Usually when someone random drove down to her house, they were just looking for a place to turn around. The road up to the lake was narrow and windy, and if you happened to miss a turnoff, finding a way to make it right was often difficult.
She felt compelled to stand there, and keep an eye on her unexpected guest.
But, the truck didn’t turn around. Instead, it stopped. And the driver killed the engine before getting out and revealing a man she herself would like to kill.
“What are you doing here?” she asked as Gage walked toward her. He was wearing the same thing he’d had on the last time she’d seen him. Cowboy hat, tight black T-shirt and snug, well-worn denim. Again, her eyes fell to the tattoo on his forearm.
Then she forced herself to look at his face. It was grim. His mouth set into a firm line, his dark brows drawn tightly together.
“I wanted to talk to you about the shop,” he said. “And to see about getting a welcome to the neighborhood.”
“It’s not really a neighborhood, per se. Mostly, you’re in my driveway, and I need you to not be in it.”
“I just bought the place across the lake.”
Rebecca was certain she blacked out. Her rage was an epic creature, rising up from the depths inside of her and threatening to consume them both. “You what?”
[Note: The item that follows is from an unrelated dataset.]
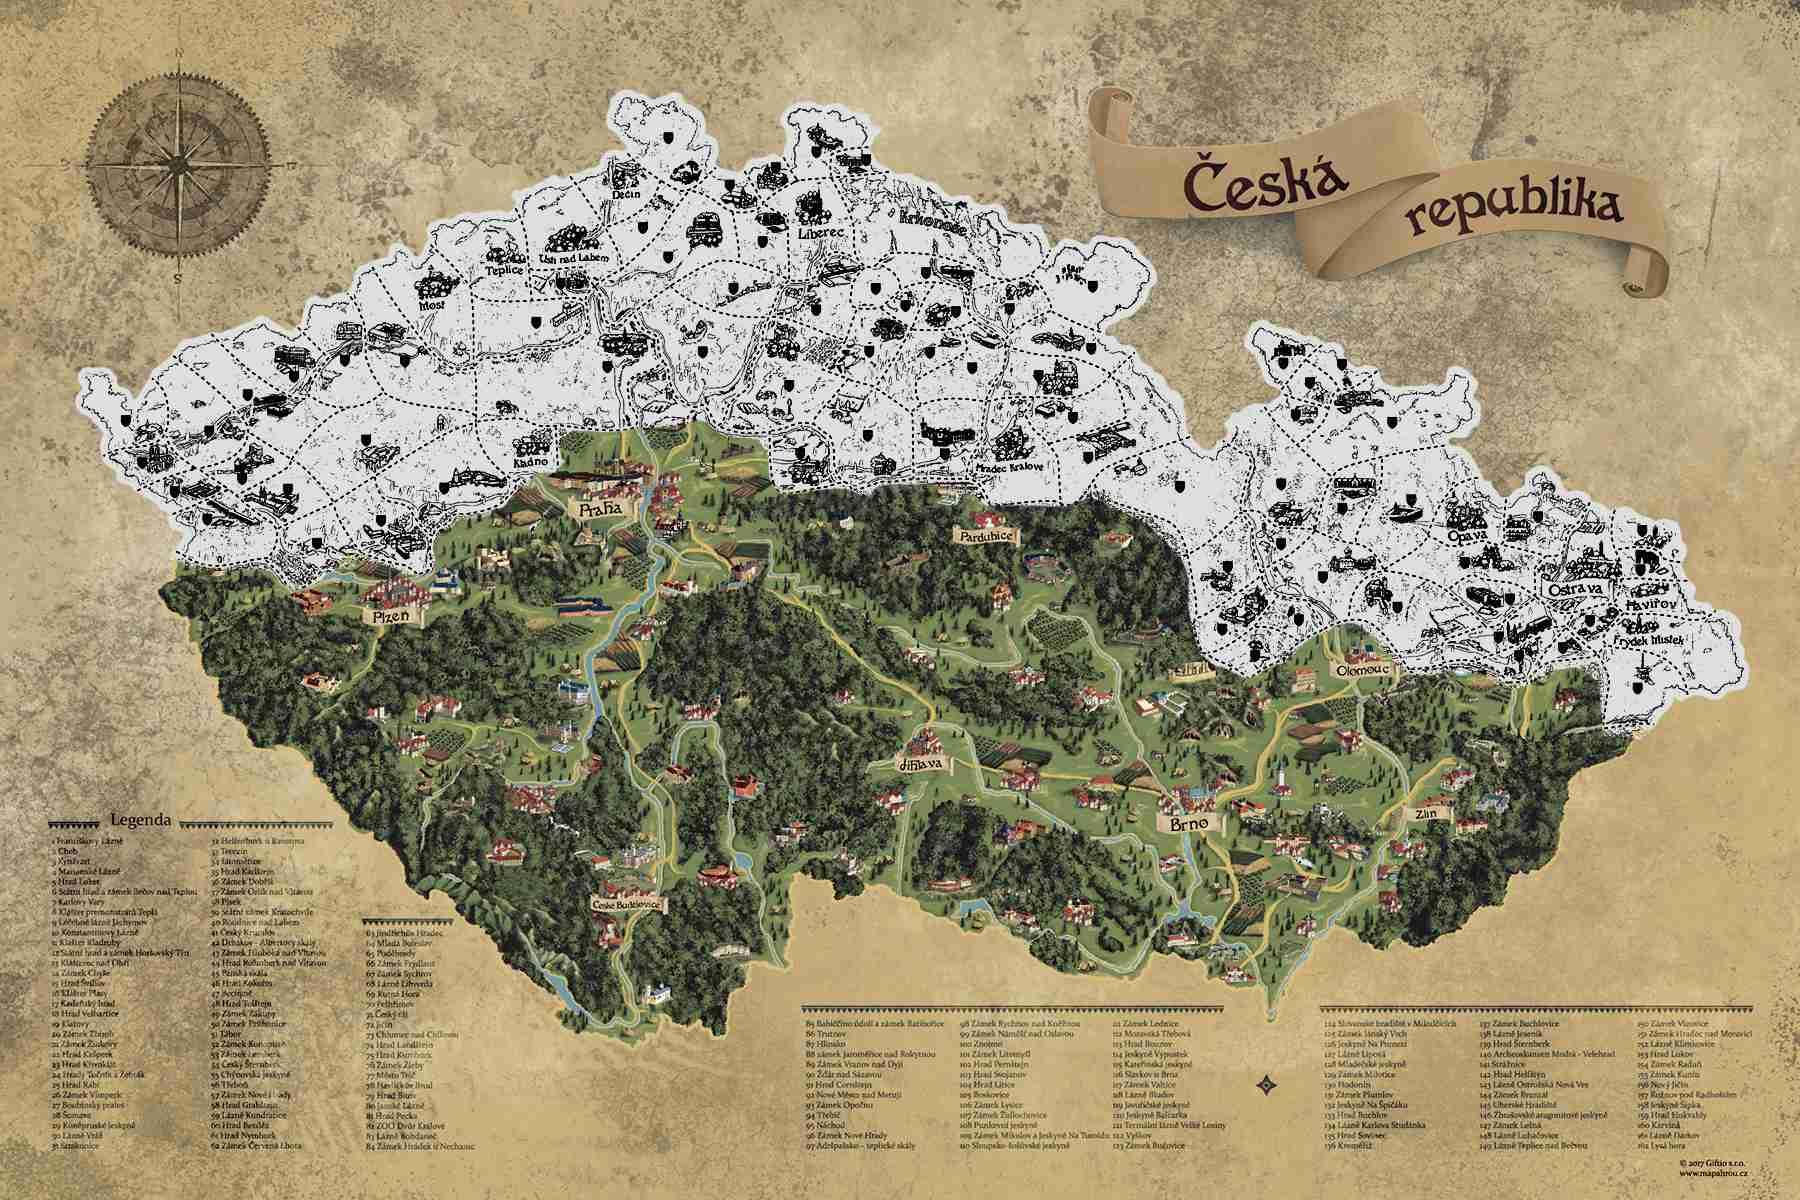 Stírací mapa Česka Deluxe XL, Stříbrná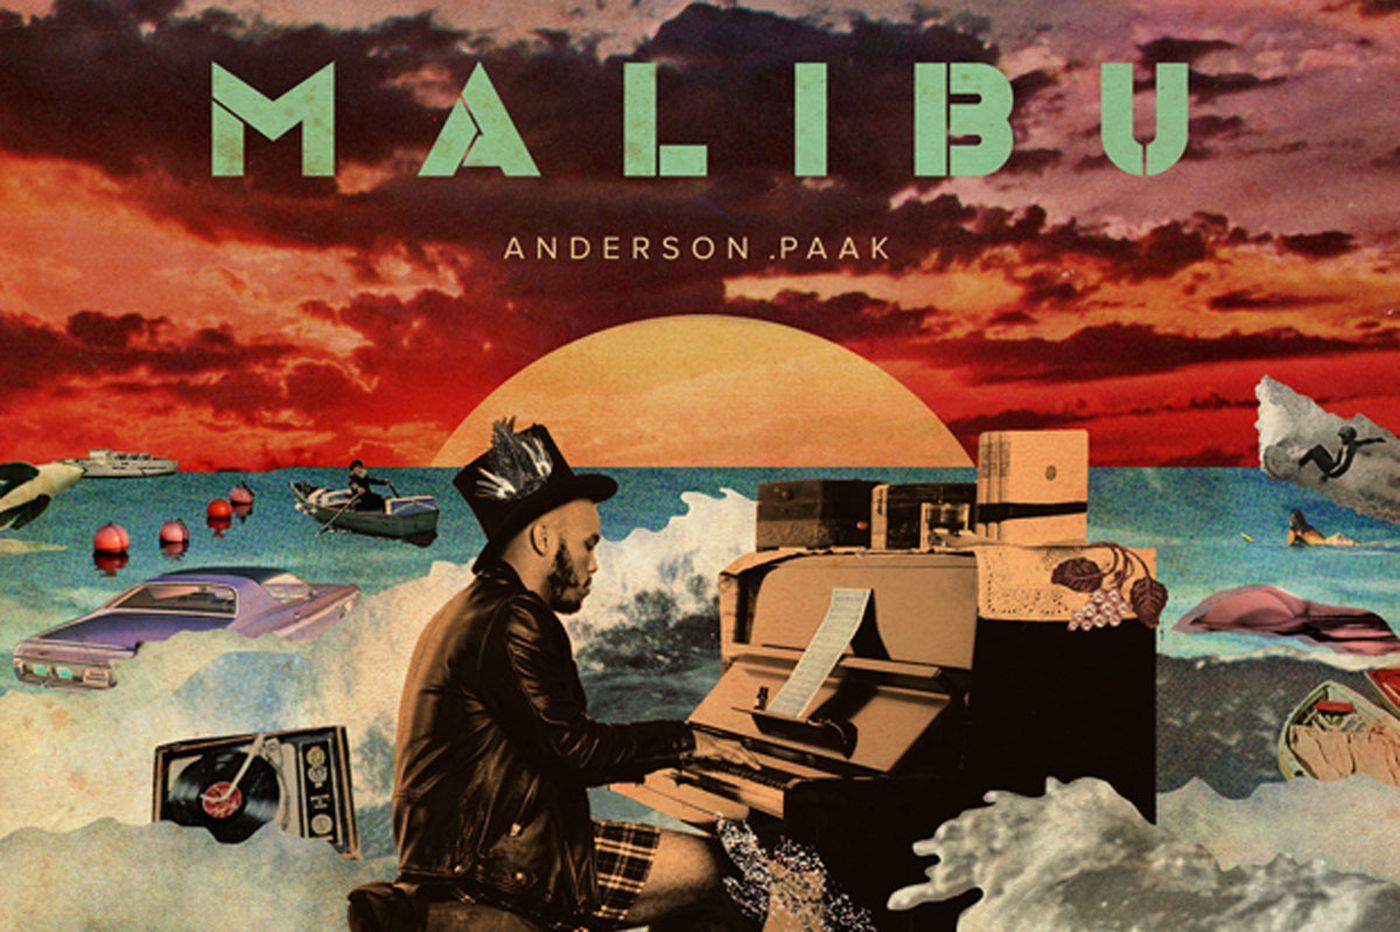 New albums: Anderson .Paak, Hank Williams Jr.

“It’s a coincidence that we’re so close to each other.”
“Sure it is, Edward Cullen.”
“What?”
“If you start watching me when I sleep, I’m going to shut your dick in the open window.”
“I have no interest in watching you sleep,” he said.
“Then what is this? What is all of this? If you’re interested in using me to appease your conscience, then you’re shit out of luck. Because I’m not going to provide balm for your wounded soul. I’m not going to stand here and tell you that I forgave you years ago when I didn’t. And I’m not going to suddenly grant you absolution now.”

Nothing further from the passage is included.